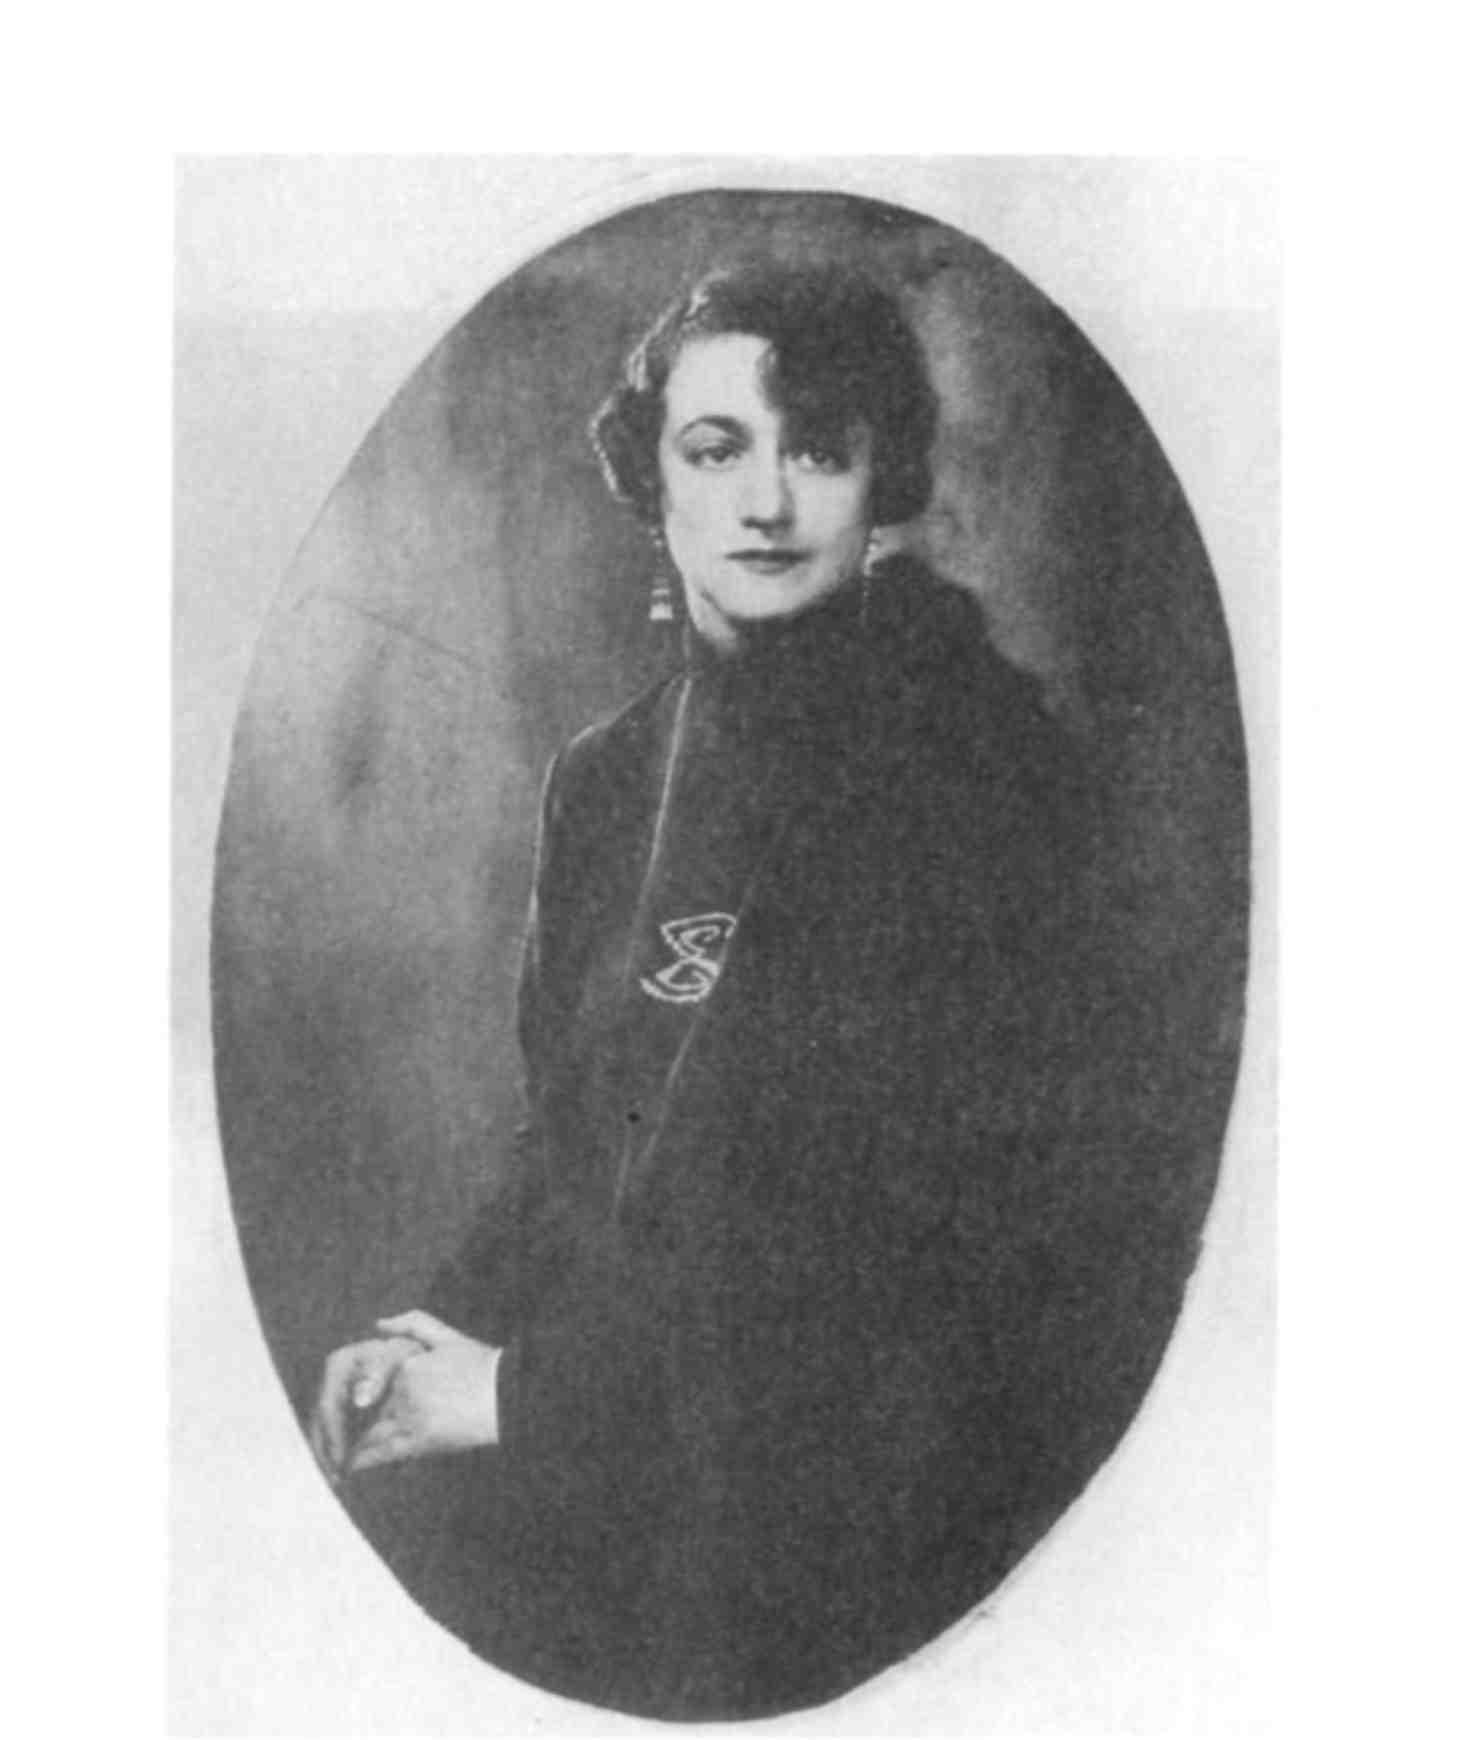 Елена Сергеевна еще Шиловская 1920е годы М Файнзильберг В Катаев - фото 3
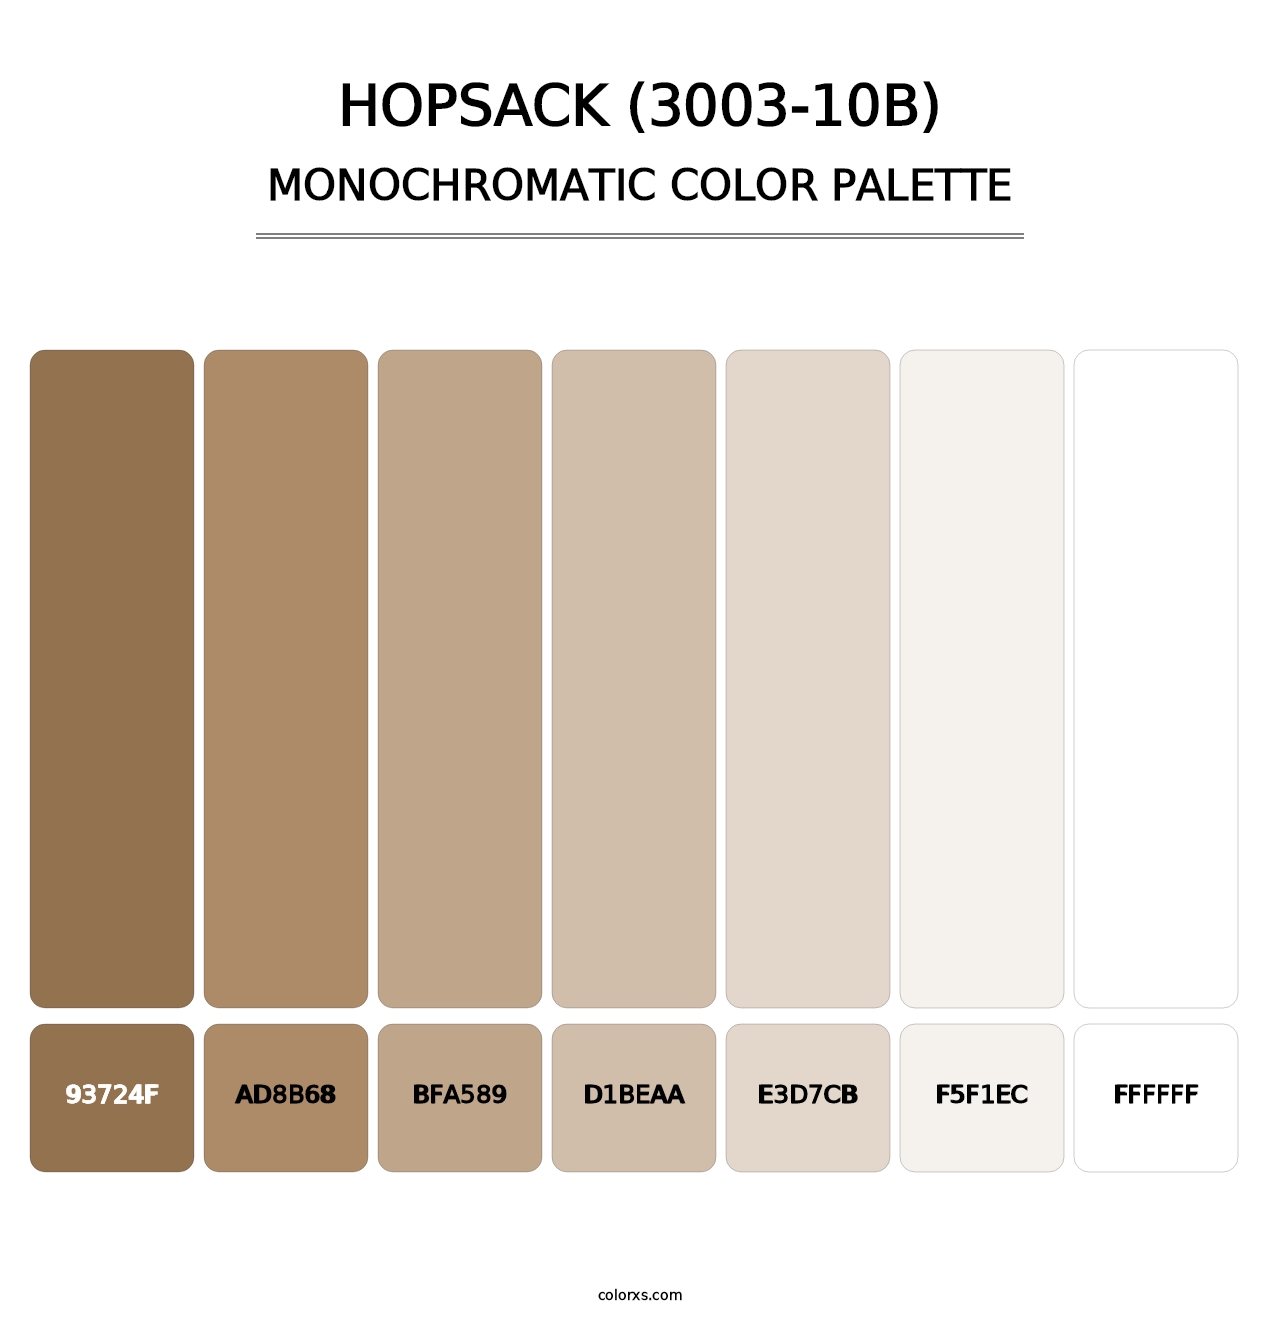 Hopsack (3003-10B) - Monochromatic Color Palette
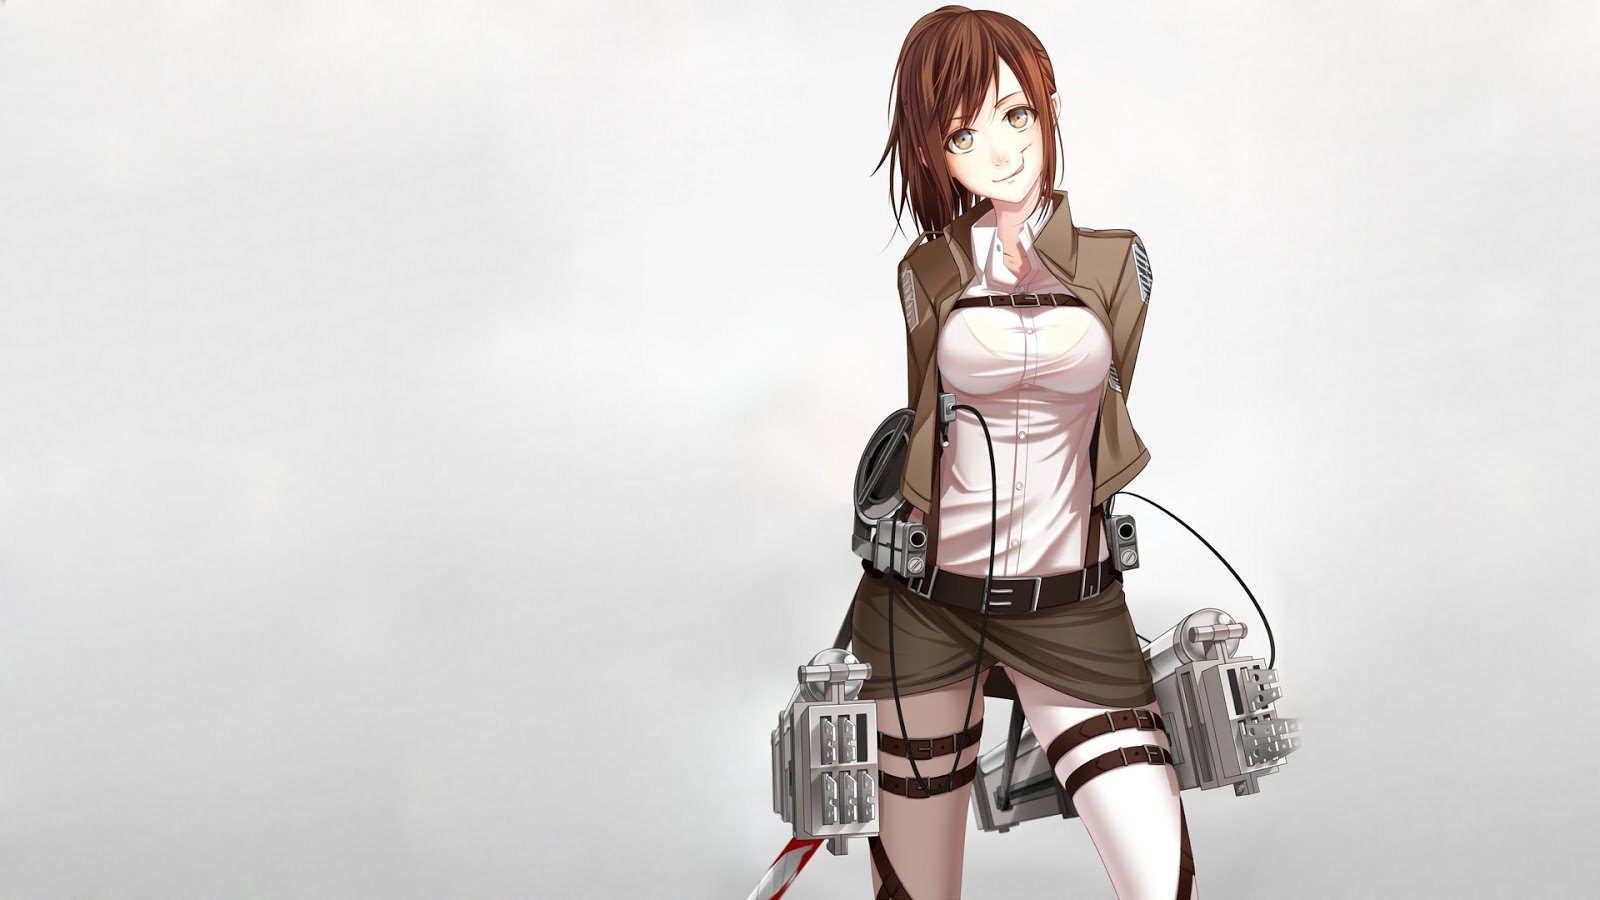  no Kyojin Anime Girl Weapon Beautiful HD Wallpaper Backgrounds f8 1600x900
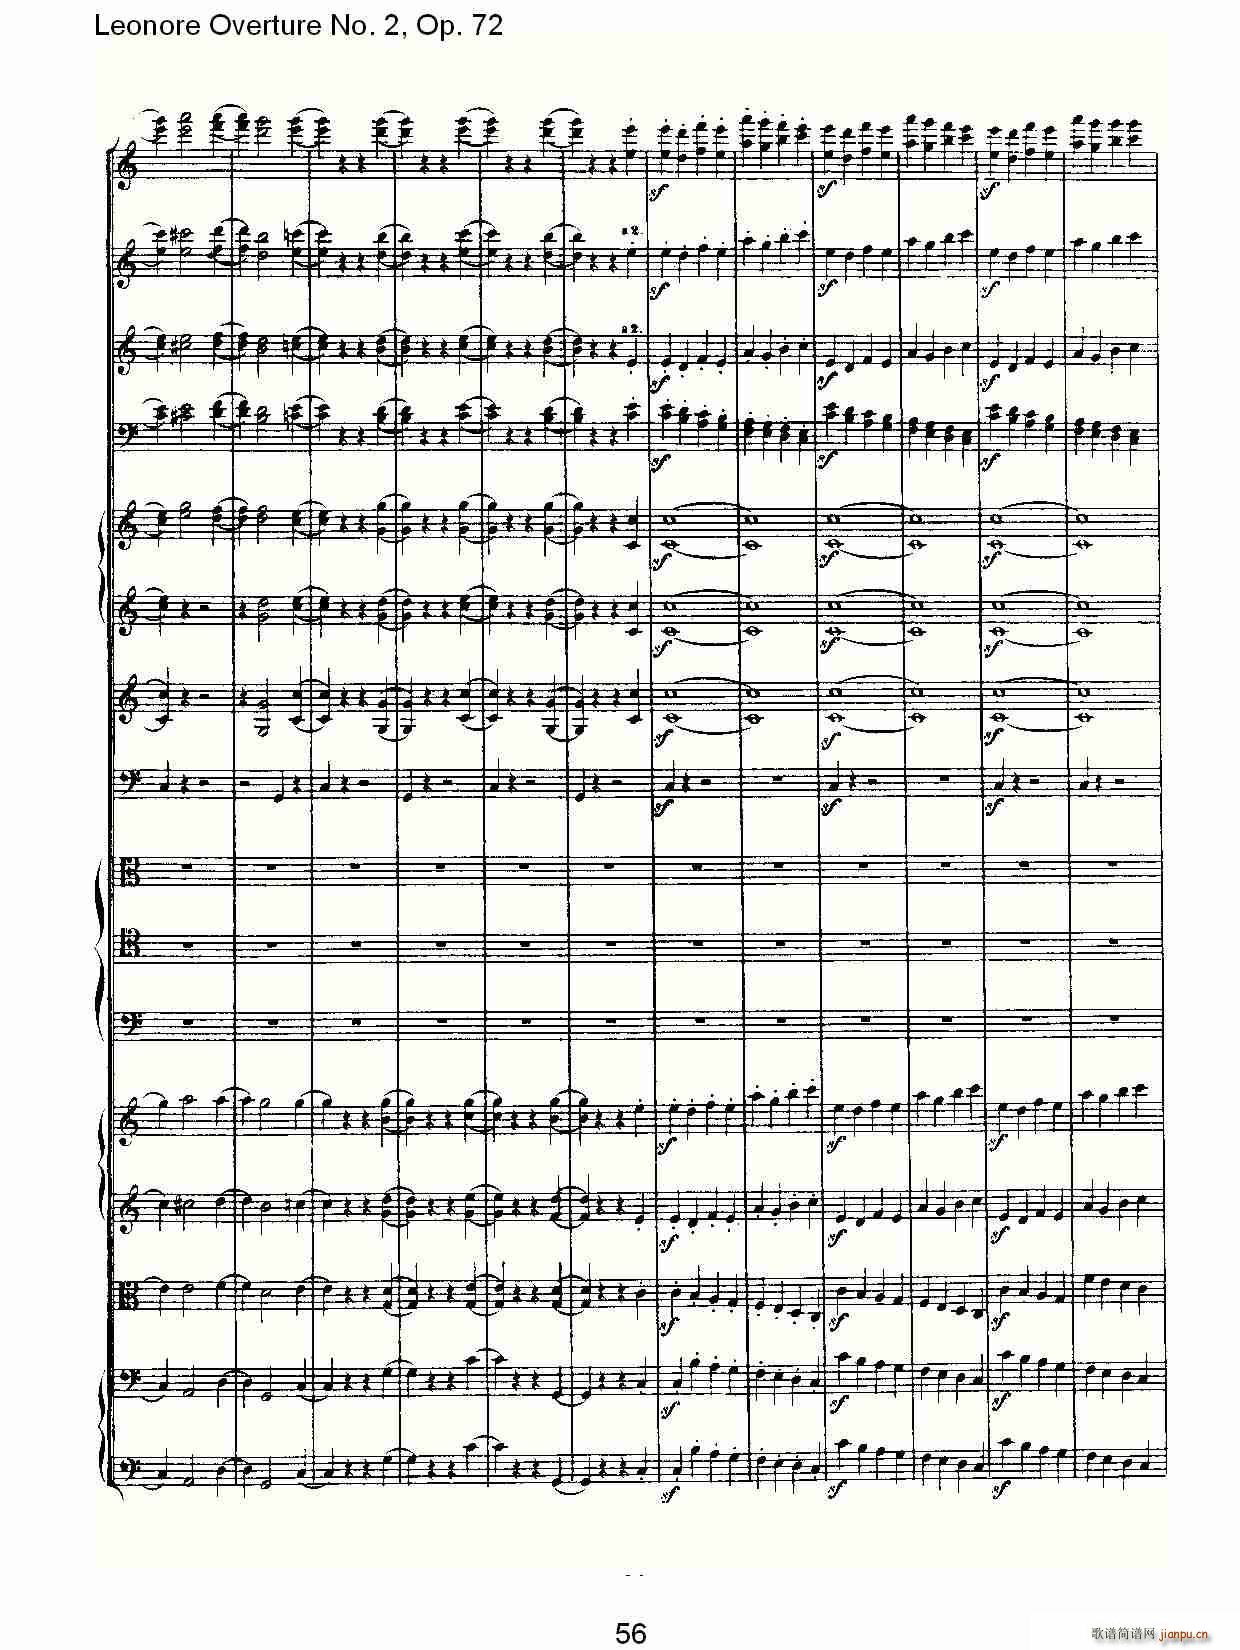 Leonore Overture No. 2Op. 72(ʮּ)9

#### ACTIVITY:
Excluding the pictures, retype the line containing "Hopsack (3003-10B) - Monochromatic" and all lines after it down to the end of the data above.

#### RESULT FOR THIS EXERCISE:
 Hopsack (3003-10B) - Monochromatic Color Palette
  no Kyojin Anime Girl Weapon Beautiful HD Wallpaper Backgrounds f8 1600x900
 Leonore Overture No. 2Op. 72(ʮּ)9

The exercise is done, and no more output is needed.